Task brief:
Every line of the data that includes "Blue" should be copied out.

== Segment start ==

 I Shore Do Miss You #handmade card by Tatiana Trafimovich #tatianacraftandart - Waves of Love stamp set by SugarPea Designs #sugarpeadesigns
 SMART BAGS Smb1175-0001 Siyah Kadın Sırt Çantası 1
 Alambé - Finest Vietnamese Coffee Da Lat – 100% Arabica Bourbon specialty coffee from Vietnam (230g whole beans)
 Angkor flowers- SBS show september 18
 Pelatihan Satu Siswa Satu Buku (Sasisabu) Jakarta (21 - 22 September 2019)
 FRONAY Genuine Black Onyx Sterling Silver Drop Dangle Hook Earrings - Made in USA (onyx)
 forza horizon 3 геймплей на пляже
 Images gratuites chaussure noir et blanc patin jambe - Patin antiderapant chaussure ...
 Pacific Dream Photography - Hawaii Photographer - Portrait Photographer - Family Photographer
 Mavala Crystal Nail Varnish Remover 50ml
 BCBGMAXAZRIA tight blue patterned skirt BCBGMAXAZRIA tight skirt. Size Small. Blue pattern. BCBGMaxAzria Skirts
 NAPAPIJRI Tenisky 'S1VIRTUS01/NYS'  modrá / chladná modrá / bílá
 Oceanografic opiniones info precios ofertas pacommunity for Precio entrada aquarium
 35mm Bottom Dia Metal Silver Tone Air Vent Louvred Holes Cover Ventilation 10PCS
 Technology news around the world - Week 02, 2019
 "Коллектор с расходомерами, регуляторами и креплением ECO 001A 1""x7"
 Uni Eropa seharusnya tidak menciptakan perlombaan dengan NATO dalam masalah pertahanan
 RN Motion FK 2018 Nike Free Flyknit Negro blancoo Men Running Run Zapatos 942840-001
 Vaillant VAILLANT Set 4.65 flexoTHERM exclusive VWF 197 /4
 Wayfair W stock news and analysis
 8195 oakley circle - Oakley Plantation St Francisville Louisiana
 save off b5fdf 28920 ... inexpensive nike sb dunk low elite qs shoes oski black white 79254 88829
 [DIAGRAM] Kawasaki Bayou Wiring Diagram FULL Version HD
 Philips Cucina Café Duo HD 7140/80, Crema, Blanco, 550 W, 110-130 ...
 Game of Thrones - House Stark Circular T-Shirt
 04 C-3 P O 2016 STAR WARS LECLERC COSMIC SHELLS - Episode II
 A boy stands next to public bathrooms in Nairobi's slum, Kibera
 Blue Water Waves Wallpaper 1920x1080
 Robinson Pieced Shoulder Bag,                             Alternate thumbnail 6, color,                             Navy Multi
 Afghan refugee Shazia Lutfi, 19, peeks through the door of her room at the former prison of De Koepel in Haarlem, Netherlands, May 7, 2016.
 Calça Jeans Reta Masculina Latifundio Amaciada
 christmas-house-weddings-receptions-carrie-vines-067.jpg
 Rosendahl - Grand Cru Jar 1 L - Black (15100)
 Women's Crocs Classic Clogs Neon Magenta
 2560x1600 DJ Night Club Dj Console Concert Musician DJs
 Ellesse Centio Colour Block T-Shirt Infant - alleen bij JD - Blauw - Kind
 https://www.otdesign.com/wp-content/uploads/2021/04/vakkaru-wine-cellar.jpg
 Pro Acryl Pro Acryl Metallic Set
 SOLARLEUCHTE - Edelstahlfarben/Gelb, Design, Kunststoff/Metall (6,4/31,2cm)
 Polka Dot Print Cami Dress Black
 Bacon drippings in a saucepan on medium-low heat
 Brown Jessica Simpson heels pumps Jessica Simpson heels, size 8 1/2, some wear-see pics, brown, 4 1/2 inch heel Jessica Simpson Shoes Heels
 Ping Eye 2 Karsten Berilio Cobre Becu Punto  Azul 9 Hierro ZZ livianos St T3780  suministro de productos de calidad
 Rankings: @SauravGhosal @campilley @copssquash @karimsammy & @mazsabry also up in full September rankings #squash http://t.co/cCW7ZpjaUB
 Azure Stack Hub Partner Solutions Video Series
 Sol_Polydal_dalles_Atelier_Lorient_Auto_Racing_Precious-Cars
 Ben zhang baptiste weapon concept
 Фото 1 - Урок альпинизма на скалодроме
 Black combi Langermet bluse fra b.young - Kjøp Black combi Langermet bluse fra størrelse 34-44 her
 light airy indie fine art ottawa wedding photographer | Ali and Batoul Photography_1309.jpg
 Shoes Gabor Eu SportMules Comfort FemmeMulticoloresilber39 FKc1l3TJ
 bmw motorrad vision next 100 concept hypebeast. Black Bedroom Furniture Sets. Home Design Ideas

== Segment end ==

Response to the exercise:
 BCBGMAXAZRIA tight blue patterned skirt BCBGMAXAZRIA tight skirt. Size Small. Blue pattern. BCBGMaxAzria Skirts
 Blue Water Waves Wallpaper 1920x1080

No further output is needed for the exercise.